This was the last day of annotation for our students, where they had to write up their results. Next week, oral presentations of the results. In the meantime, I asked each group of 2 or 3 students for some highlights of their annotation efforts. Please keep in mind that this is all preliminary.
Some highlights from our annotation of the Neochlamydia genome:
We clarified which amino acids could be synthesized. The striking results is that very few amino acids can be synthesized: this intracellular bacteria lives inside amoeba, and is very dependent on synthesis or transport by the amoeba.
A comparison of type III secretion among Chlamydiae showed that the structural proteins are very well conserved. On the other hand, CopB and CopC are less conserved. Despite low sequence conservation, CopB can be identified by conserved synteny. But CopD appears absent from not only our Neochlamydia, but from most Chlamydiae, whereas it is reported in complex with CopB in Yersinia and Salmonella. Three new genes were identified while studying this system, inserted in the conserved syntenic region: a transposase, a heat shock protein, and a potential secreted effector.
While looking for prophages in vain, we found a super cool 55 kb genomic island, bordered by magnificient direct repeats (34 bp). Integrase, recombinase, and multiple antibiotic resistance genes, how cool can it be? (The students were quite excited by this find.)
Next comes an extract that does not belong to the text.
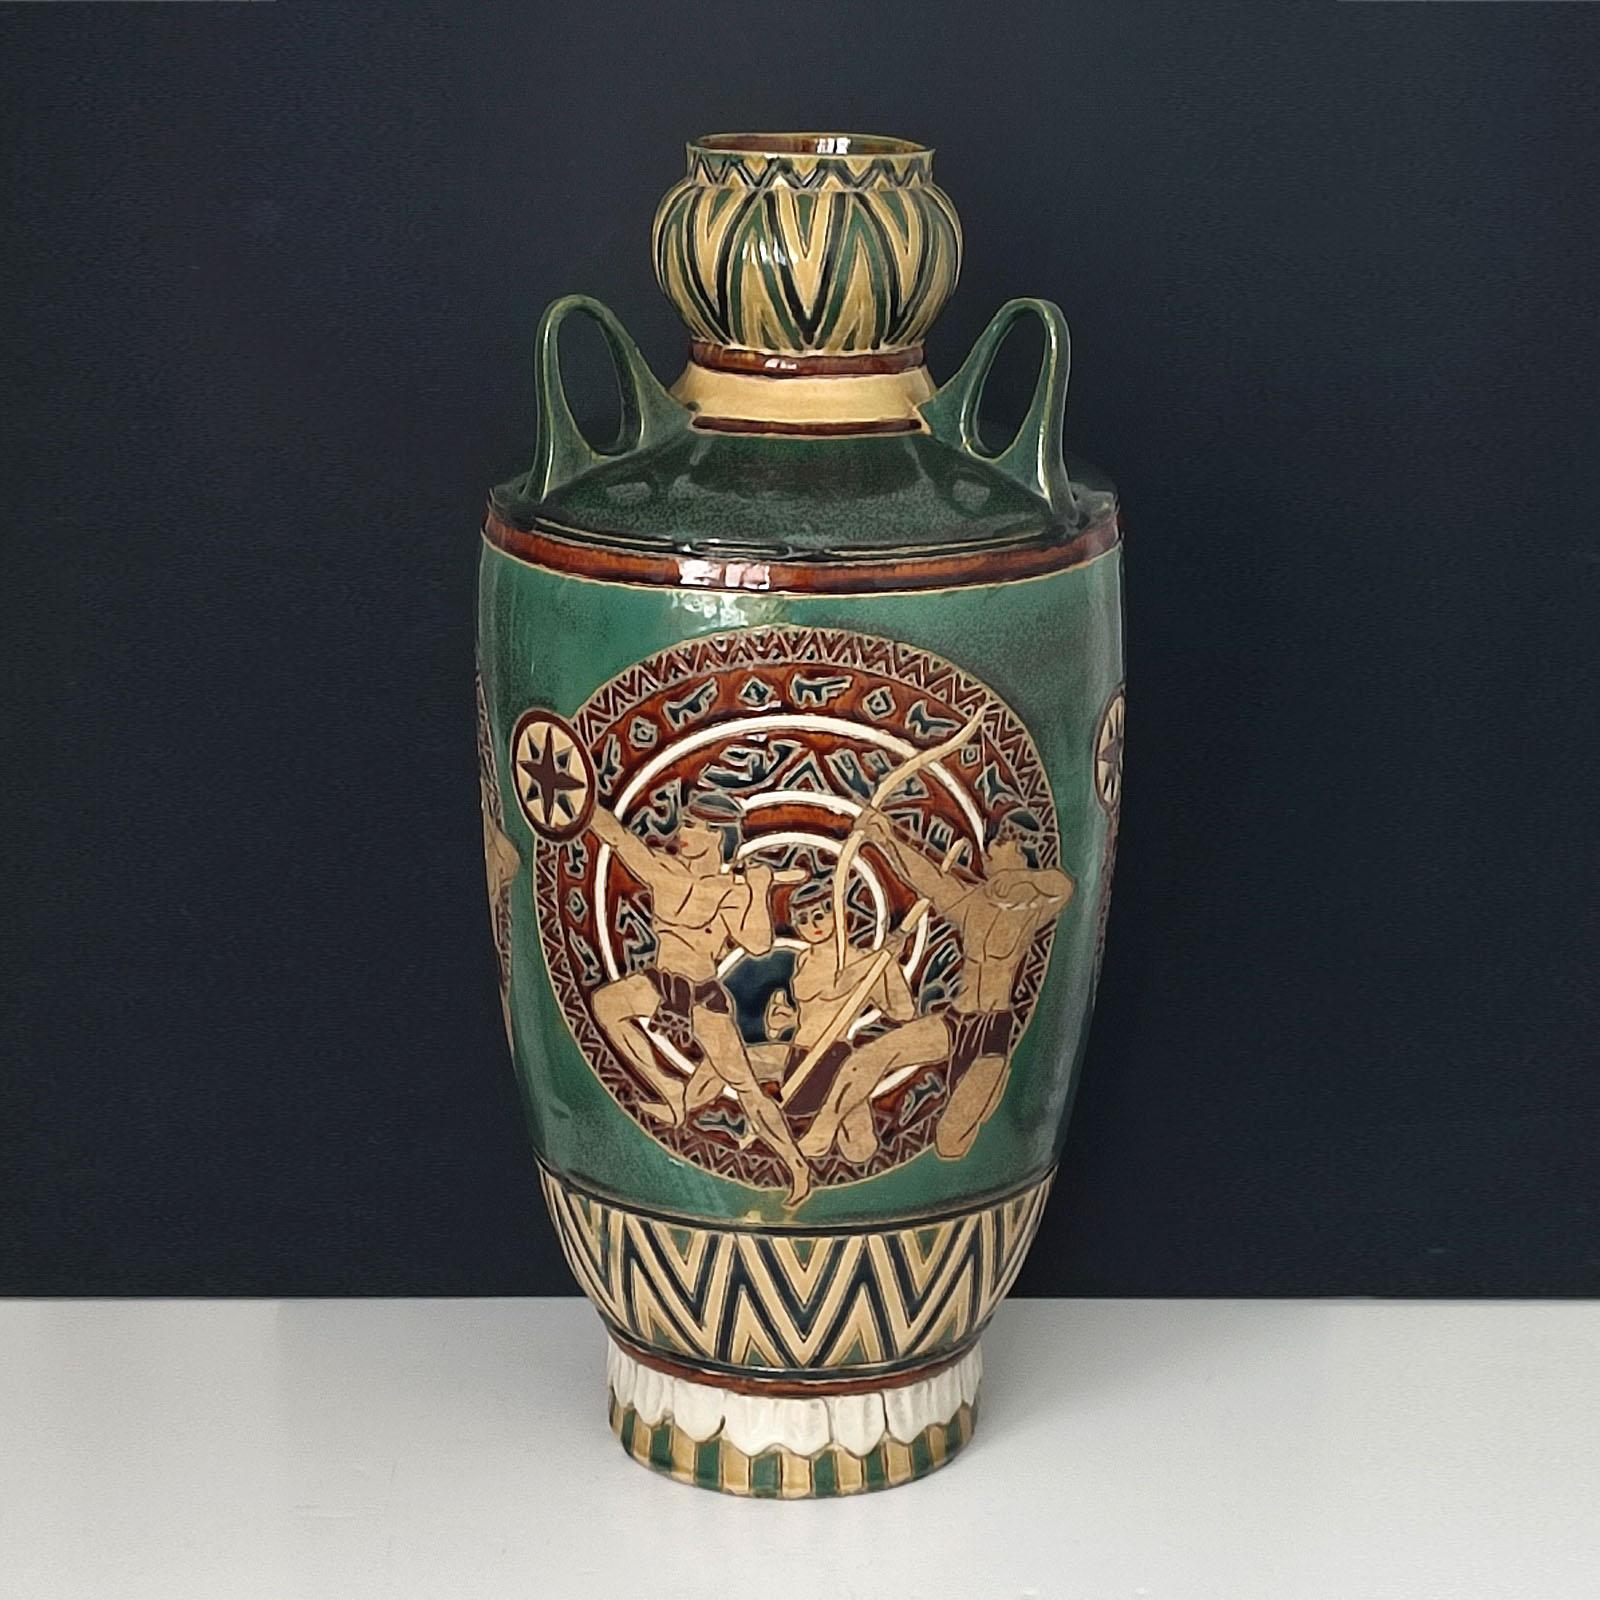 Ceramic floor vase decorated with 3 top handles and 3 round scenes with antique warriors. Designed incised and glazed. Very good vintage condition.
Measures: Height 57 cm.

Some highlights from our annotation of the Ralstonia genome:
Replicons I and II (3.5 and 1.5 Mb) follow the GC skew pattern of a real chromosome, whereas replicon III (0.5 Mb) doesn’t have a clear pattern. tRNA genes only on replicon I, with a initiation of replication DNA-dependent, whereas II and III have a plasmid type Rep system.
Chromosome III probably corresponds to the mega plasmid pHG1 of Ralstonia eutropha. In general, many similarities of our strain with R. eutropha. E.g., also has genes for lithoautotrophic growth.
Looking for transporters, found heavy metal transport in both bacteria, more in Ralstonia, as expected from its isolation. Two copies of mercury resistance cluster on chromosome III, which suggests lateral transfer of the whole system with the plasmid. Surprisingly (for us), four copies of the operon for Cobalt-zinc-cadmium resistance (genes CzcA-B-C), which from phylogeny seem to come from three operon duplications shared by other species, and one lateral gene transfer.